Güncelleme Tarihi:
Hemen her yaş grubunda ortaya çıkabilen alerjik rinit (saman nezlesi) hastalığını 'toplumda sık görülen ve yaşam kalitesini olumsuz etkileyen bir rahatsızlık olarak tanımlayan Prof. Dr. Fikret Kasapoğlu, “Anamnez, yani öykü alındıktan sonra her hastaya teferruatlı fizik ve endoskopik muayene yapılması önemli. Alerjik rinitte nazal mukoza genellikle soluk, ödemli ve şişkin görünümdedir. Alerjik rinitte bunun yanında gözler altında koyu renkte alanlar (allergicshiners) gözlenir. Bunun yanında alerjik rinitli hastalarda konjonktivitin daha çok eşlik ettiği ve bu hastalarda astım ve atopik dermatit gibi diğer alerjik durumların da eşlik edebileceği akılda tutulmalıdır. Alerjeni saptamada ciltten yapılan ve kandan yapılan alerji testleri yapılabilmekte, kişinin korunması gerektiği etken ya da etkenler saptanabilmektedir. Eşlik eden yandaş problemler de varsa, bunların endoskopik muayenelerle saptanarak tedavi edilmesi, alerji tedavisinin de daha etkin olarak uygulanabilmesine yardımcı olmaktadır” dedi.

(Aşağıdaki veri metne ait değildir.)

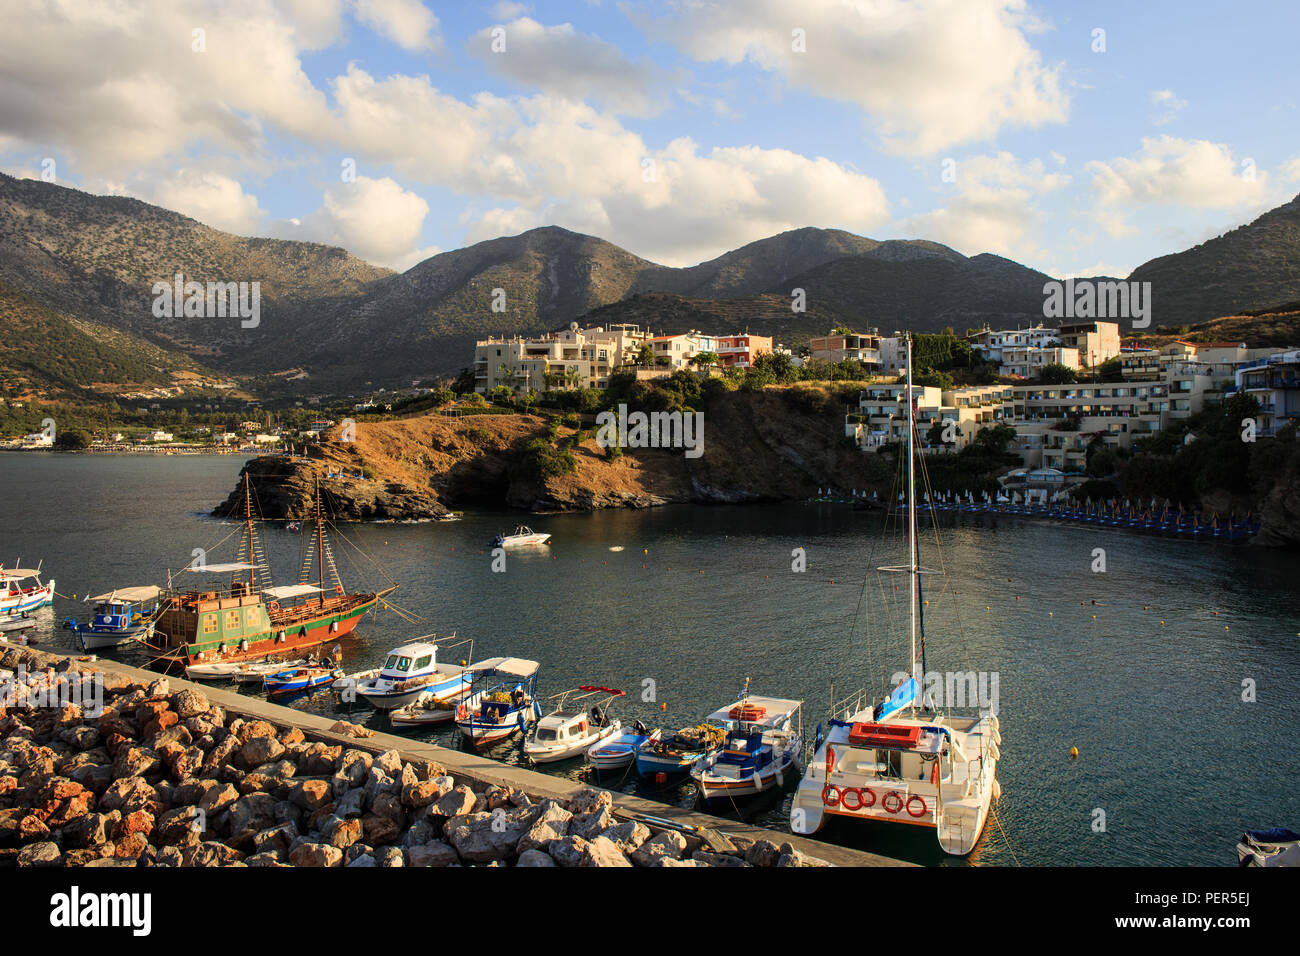 Harbour with marine vessels, boats. Panoramic view from a cliff on a Bay Bali Crete, Greece Stock Photo

Gözardı edilmesi durumunda alt solunum yolu problemlerine neden olabilir
Tedavide ilk önceliğin alerjenlerden korunma olduğunu belirten Kasapoğlu, "Mevsimsel ya da yıl boyu olması özelliklerine göre hastalara önerilerde bulunulmakta ve uygun medikal tedaviler düzenlenmektedir. Medikal tedaviler yanında cerrahi olarak burun etlerinin radyofrekans yöntemleriyle küçültülmesi ve gerekli durumda eşlik eden anatomik deformitelerin düzeltilmesi alerjik rinit tedavisinin başarısını artırmaktadır. Alerjik rinitin gözardı edilmesi durumunda astım gibi daha ciddi alt solunum yolu problemleri gelişebileceği unutulmamalıdır’’ diye konuştu.